Data Engineering Challenges in Multi-cloud Environments: Strategies for Efficient Big Data Integration and Analytics

Multi-cloud environments, Data engineering, Big data integration, Cloud orchestration, ETL tools, Data governance, Data pipeline, Cloud analytics.

Authors

Vol. 10 No. 06 (2022)
Engineering and Computer Science
June 29, 2022

Downloads

The exponential growth of data and the rising demand for scalable, resilient, and cost-efficient computing resources have driven many enterprises to adopt multi-cloud strategies—leveraging services from multiple cloud vendors such as Amazon Web Services (AWS), Microsoft Azure, and Google Cloud Platform (GCP). While this architectural shift offers numerous benefits including flexibility, vendor independence, and improved fault tolerance, it also introduces significant challenges for data engineering teams tasked with building and maintaining robust data pipelines.

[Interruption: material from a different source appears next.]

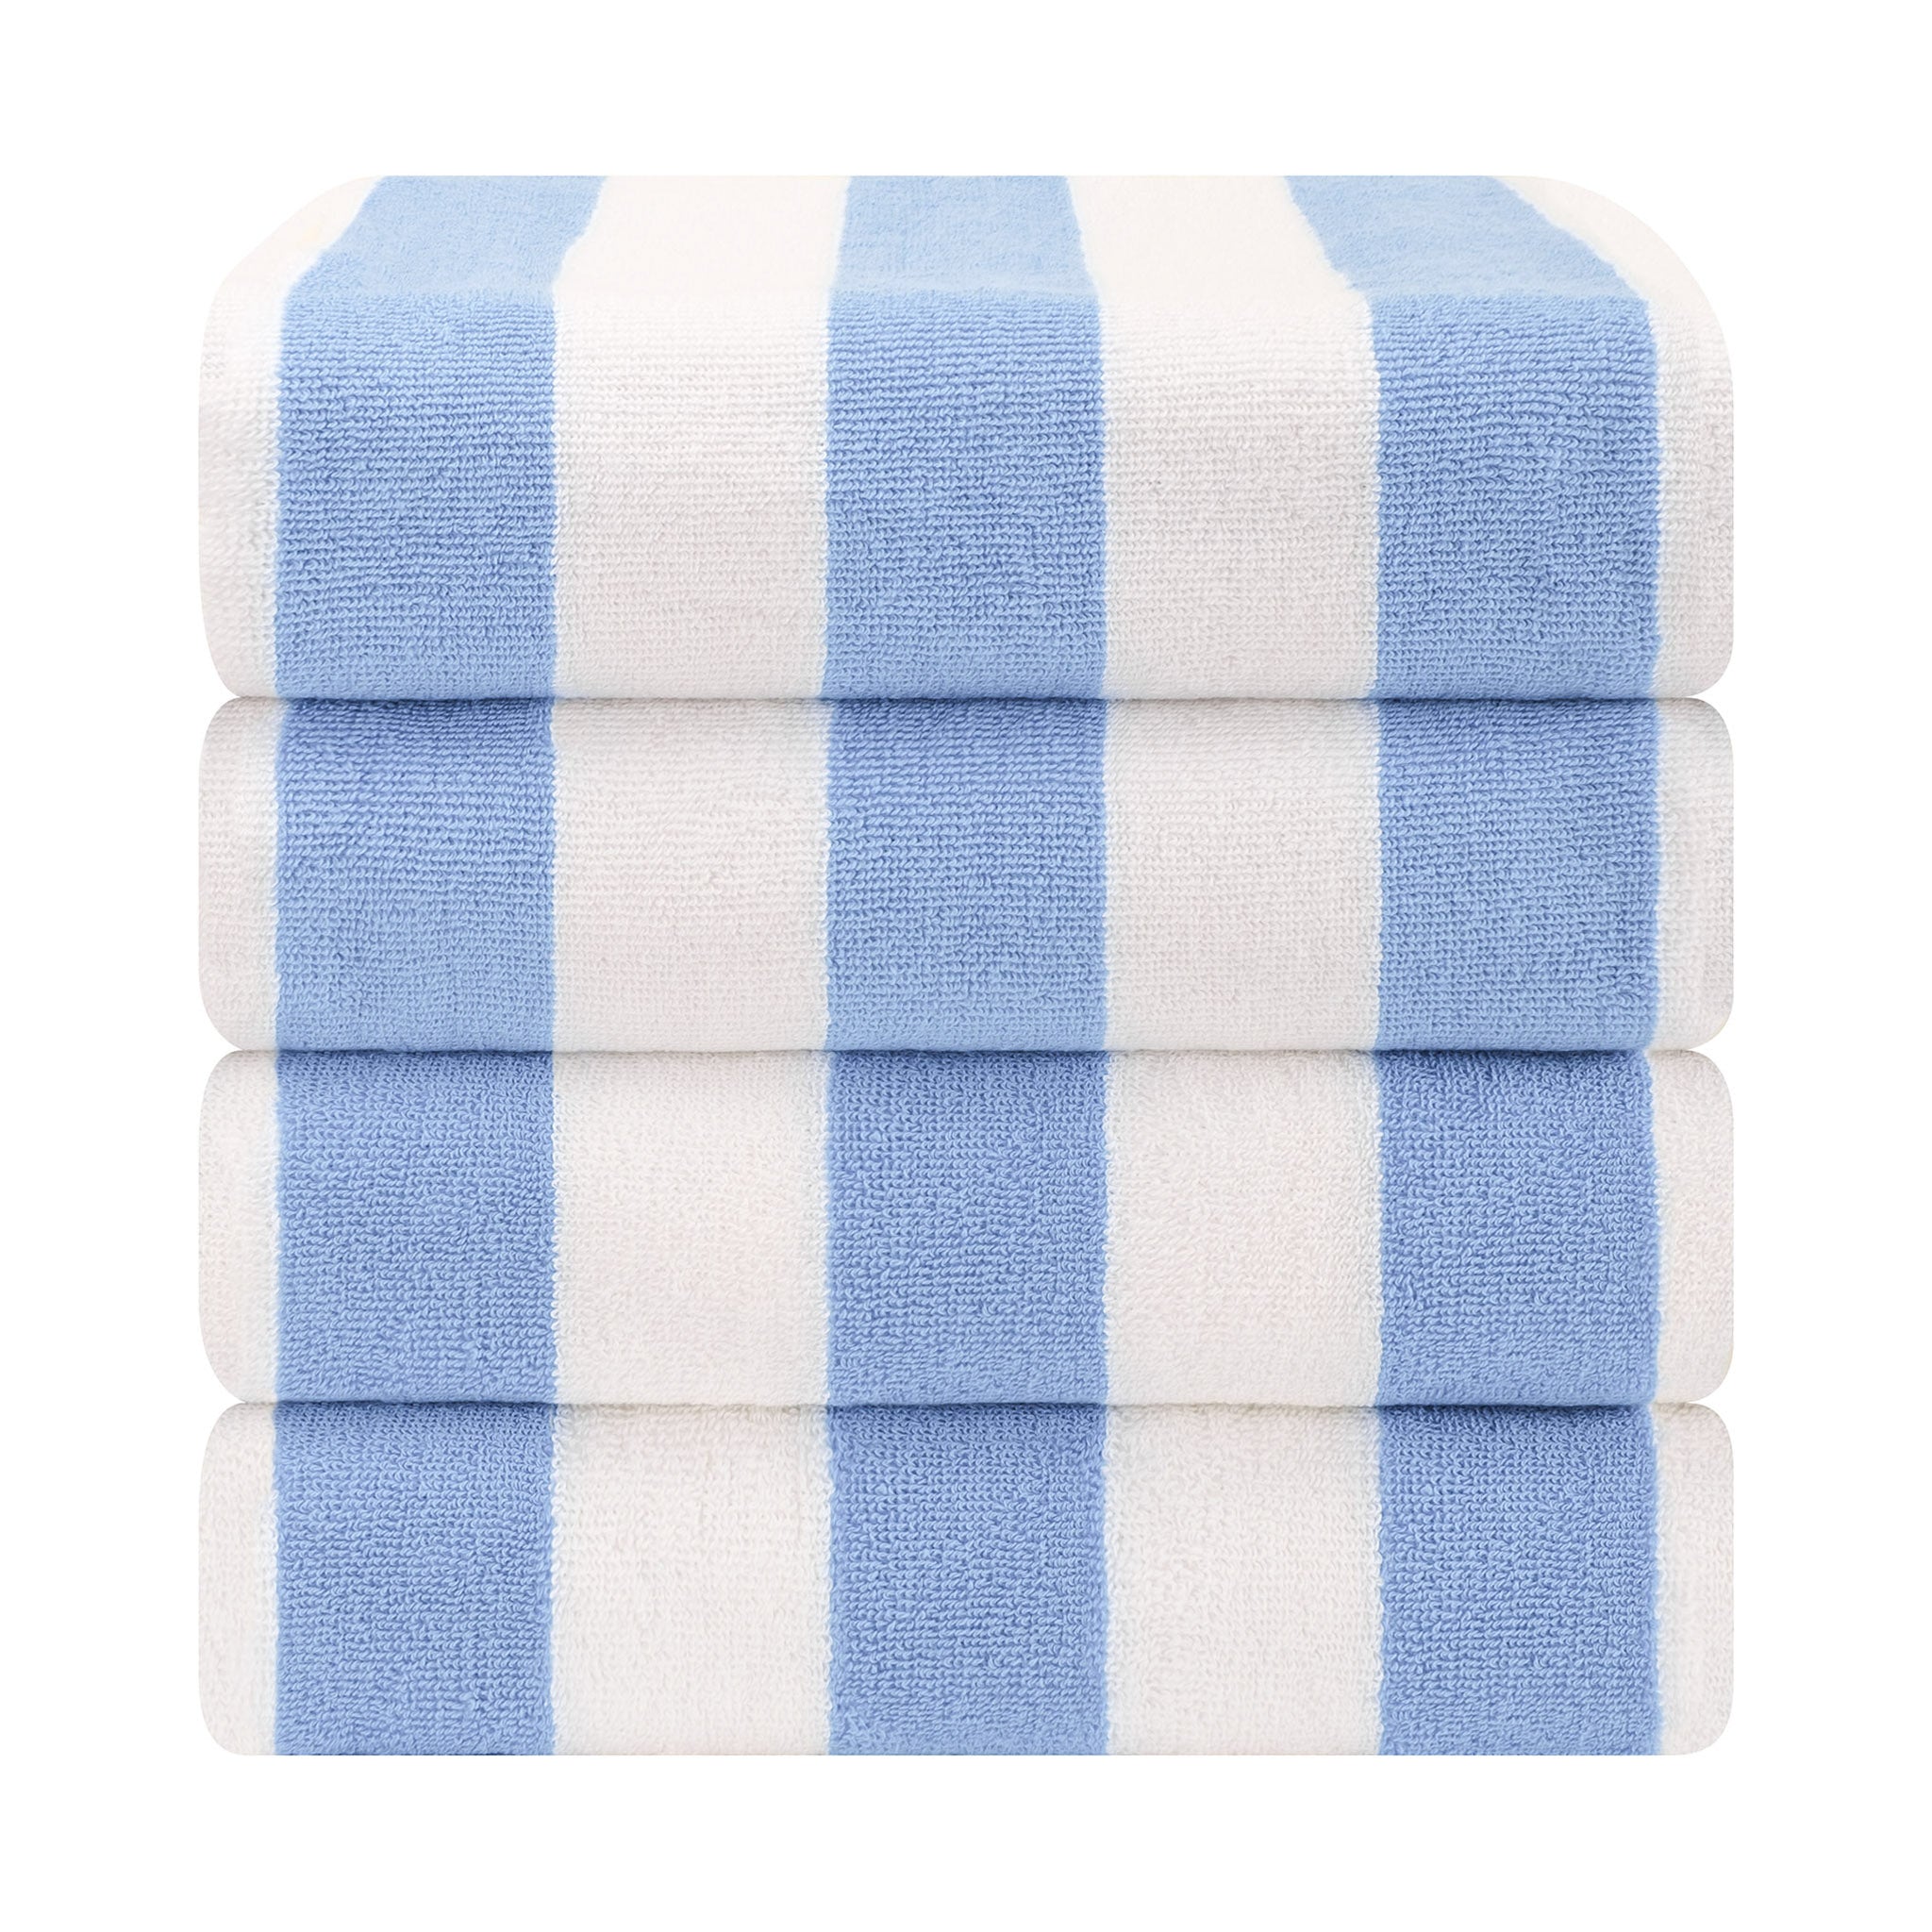 American Soft Linen 100% Cotton 4 Pack Beach Towels Cabana Striped Pool Towels -sky-blue-2

This paper provides a comprehensive exploration of the core data engineering challenges in multi-cloud environments, including data integration complexity, increased network latency, fragmented governance protocols, and difficulties in achieving unified observability. Through a structured examination of current literature and industry practices, the study reveals how heterogeneity in cloud architectures creates barriers to seamless big data operations and real-time analytics.

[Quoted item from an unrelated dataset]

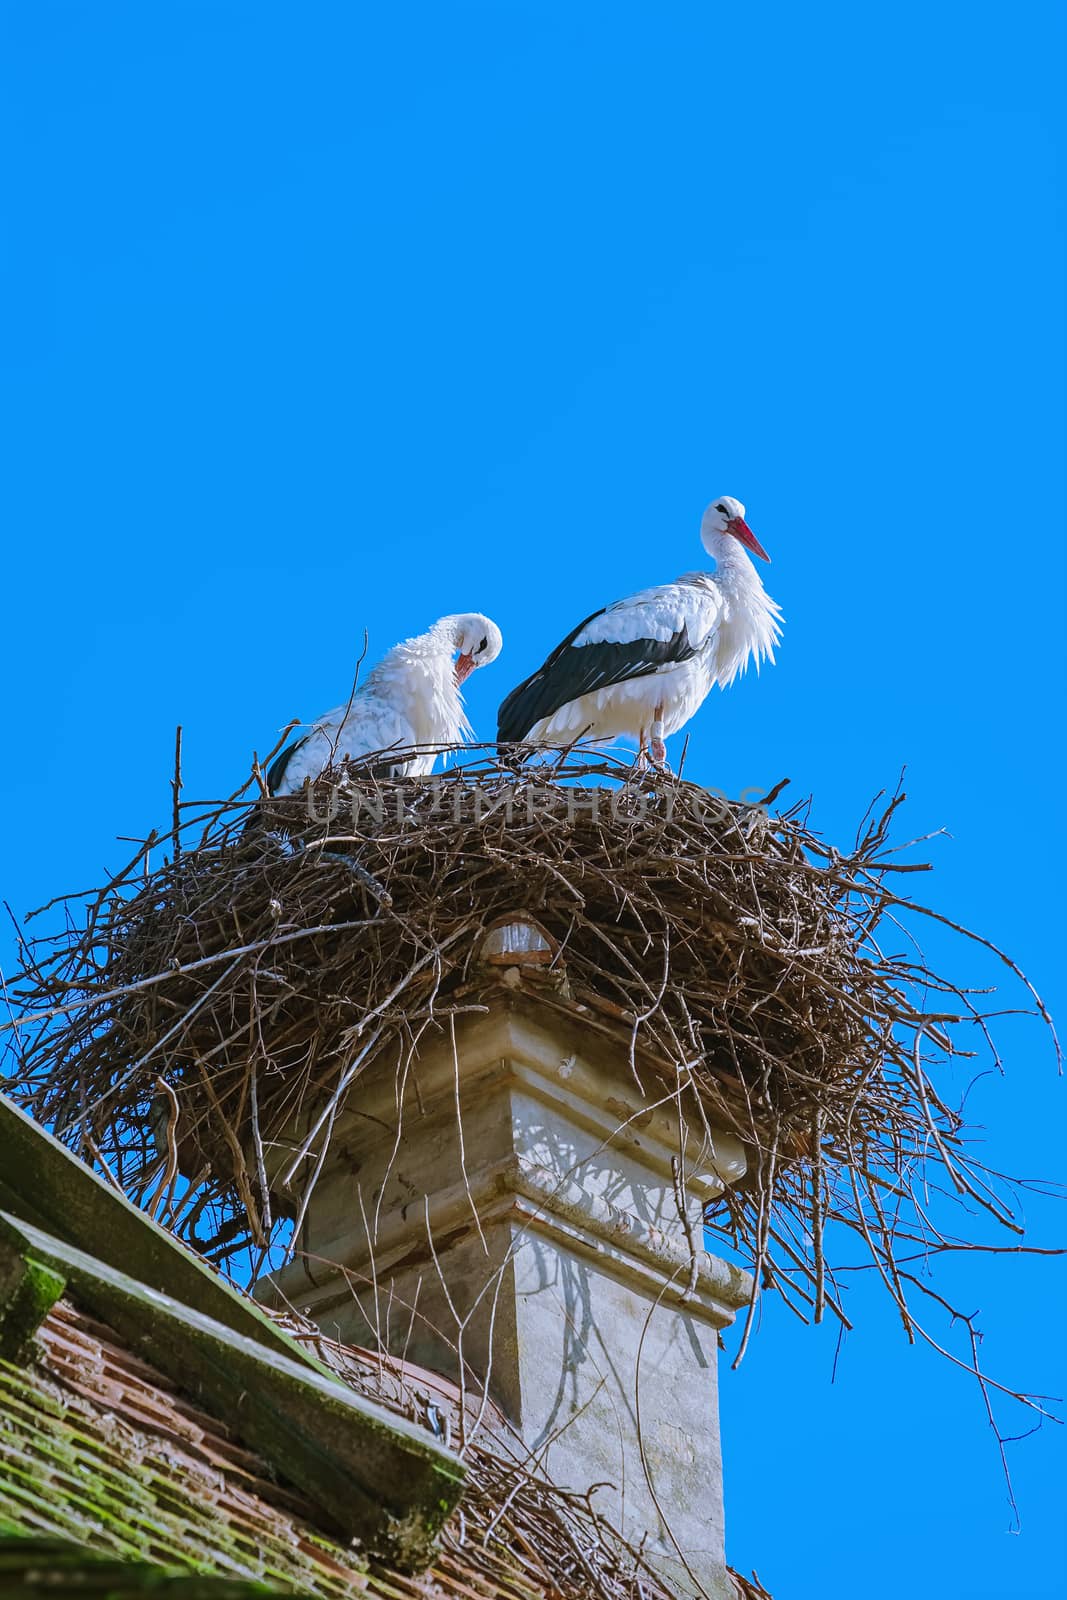 Storks in a nest on a house chimney

In response, the paper proposes a set of strategic frameworks and technical approaches that enable efficient big data integration and analytics across cloud boundaries. These include the adoption of containerized orchestration platforms (e.g., Kubernetes and Apache Airflow), metadata registries (e.g., Apache Atlas), data lakehouse architectures (e.g., Delta Lake, Snowflake), and federated query engines. The paper also evaluates the performance and adaptability of leading ETL tools—such as Apache NiFi, AWS Glue, and Talend—through a comparative analysis supported by tables and performance graphs.

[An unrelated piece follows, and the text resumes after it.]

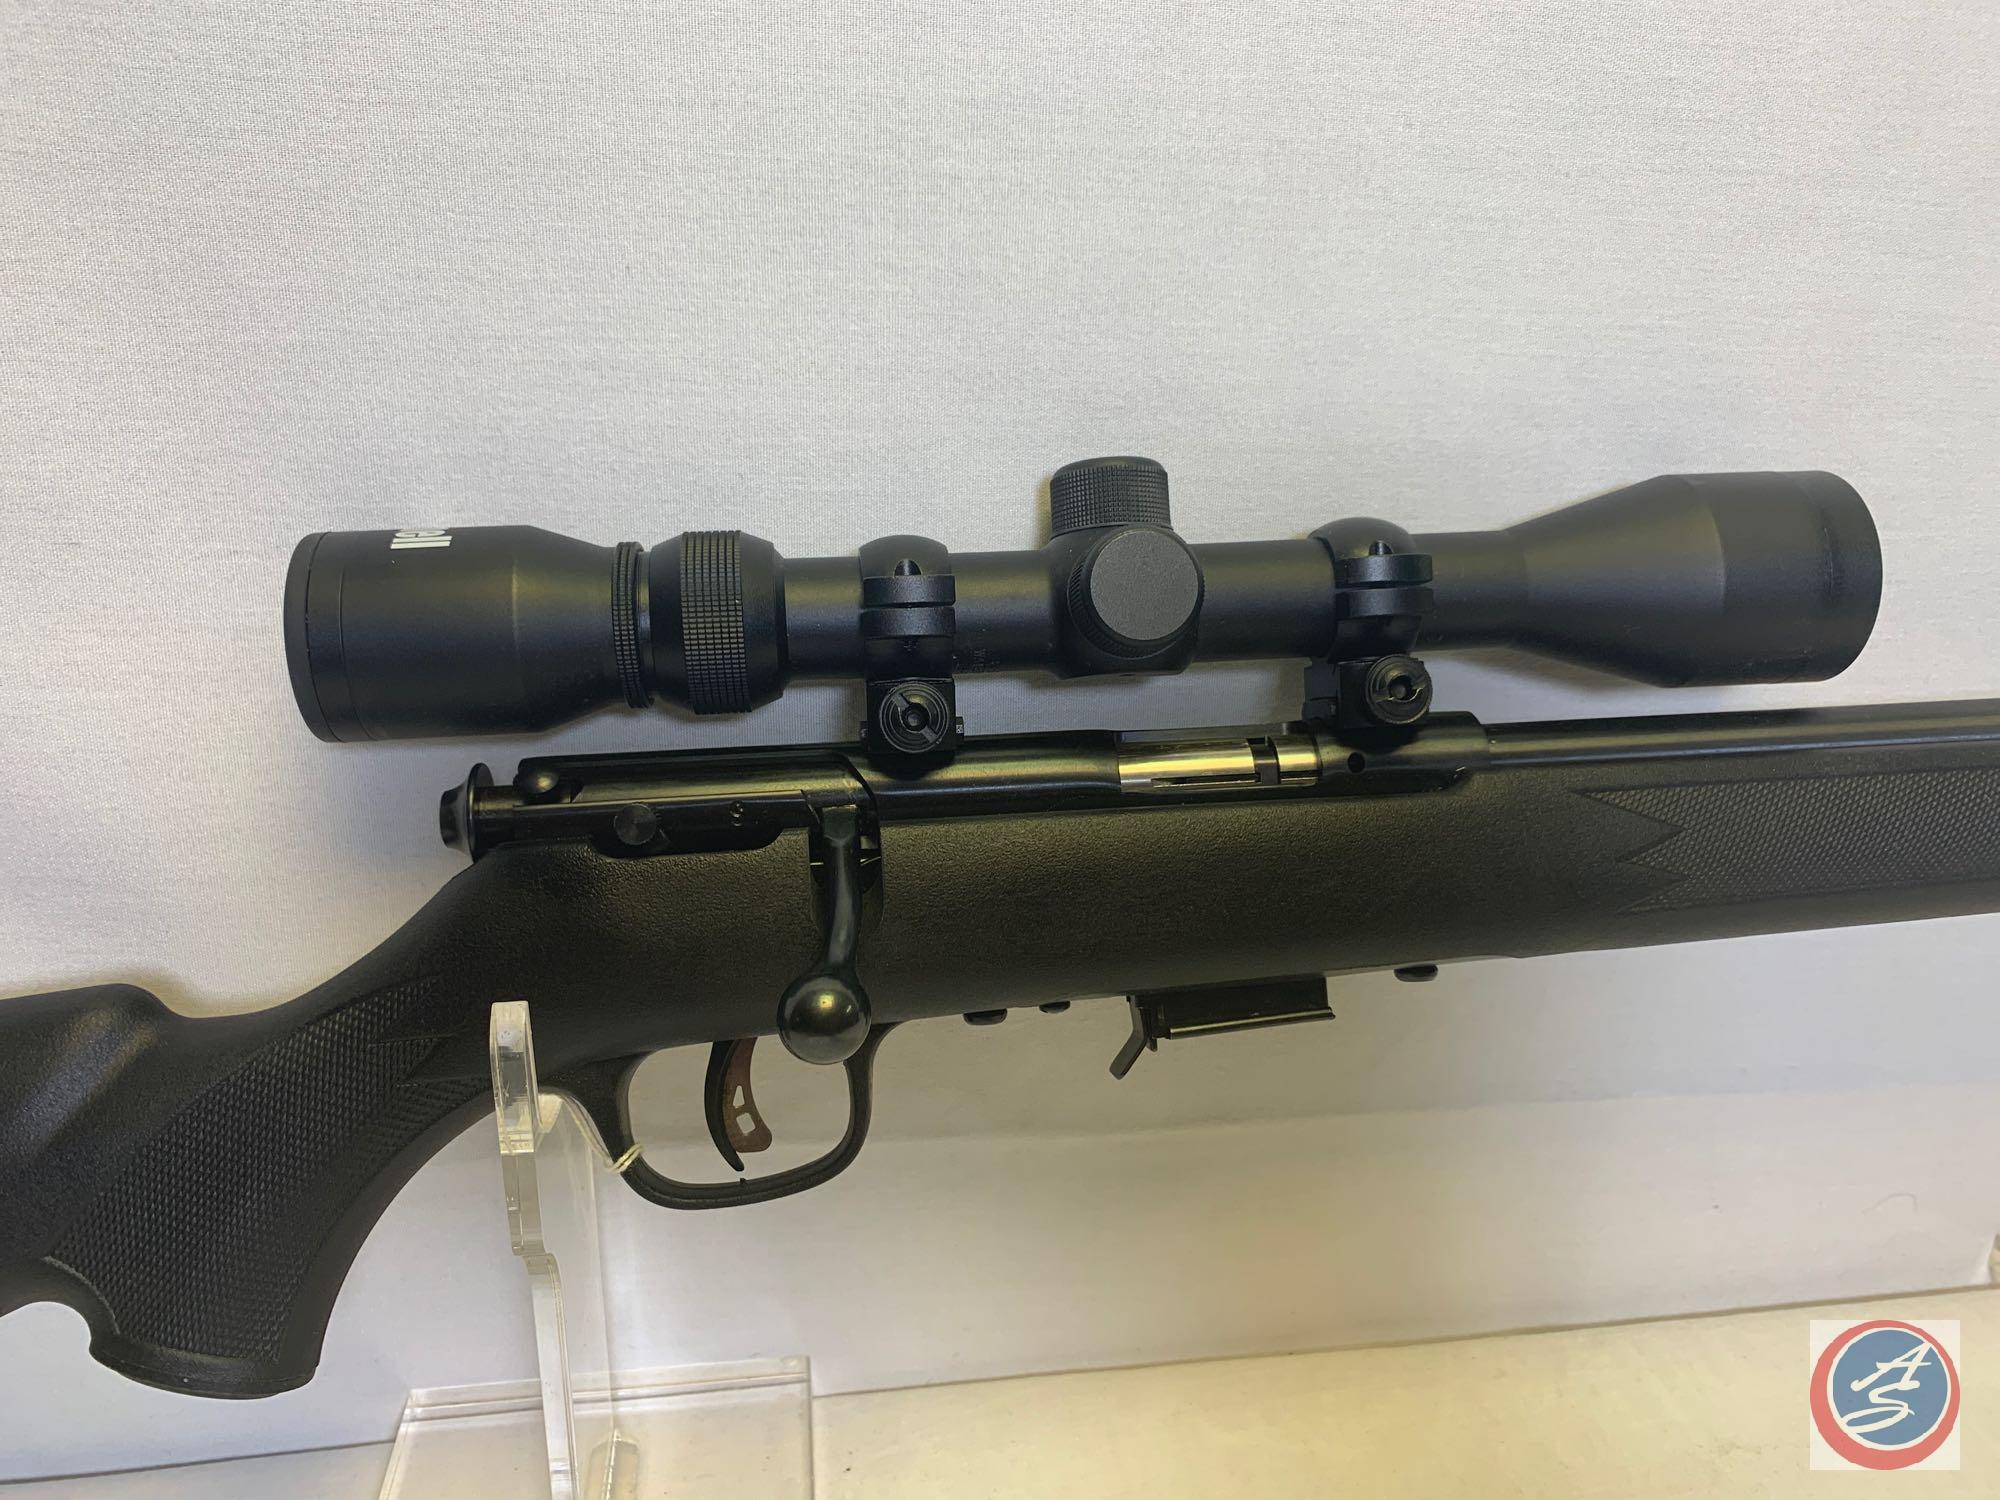 Savage Model 93r17 17 HMR Rifle Bolt action rifle with 21 inch barrel, Bushnell 3-9 scope and

Real-world case studies, including those from Netflix and HSBC, illustrate the practical implementations and trade-offs of operating in a multi-cloud environment. The paper concludes by identifying emerging trends such as AI-driven DataOps, decentralized data mesh architectures, and serverless ETL models, which are poised to redefine the future of data engineering.

Ultimately, this research serves as both a diagnostic and a prescriptive guide for engineers, architects, and data strategists seeking to navigate the complex terrain of multi-cloud data ecosystems with efficiency, compliance, and innovation.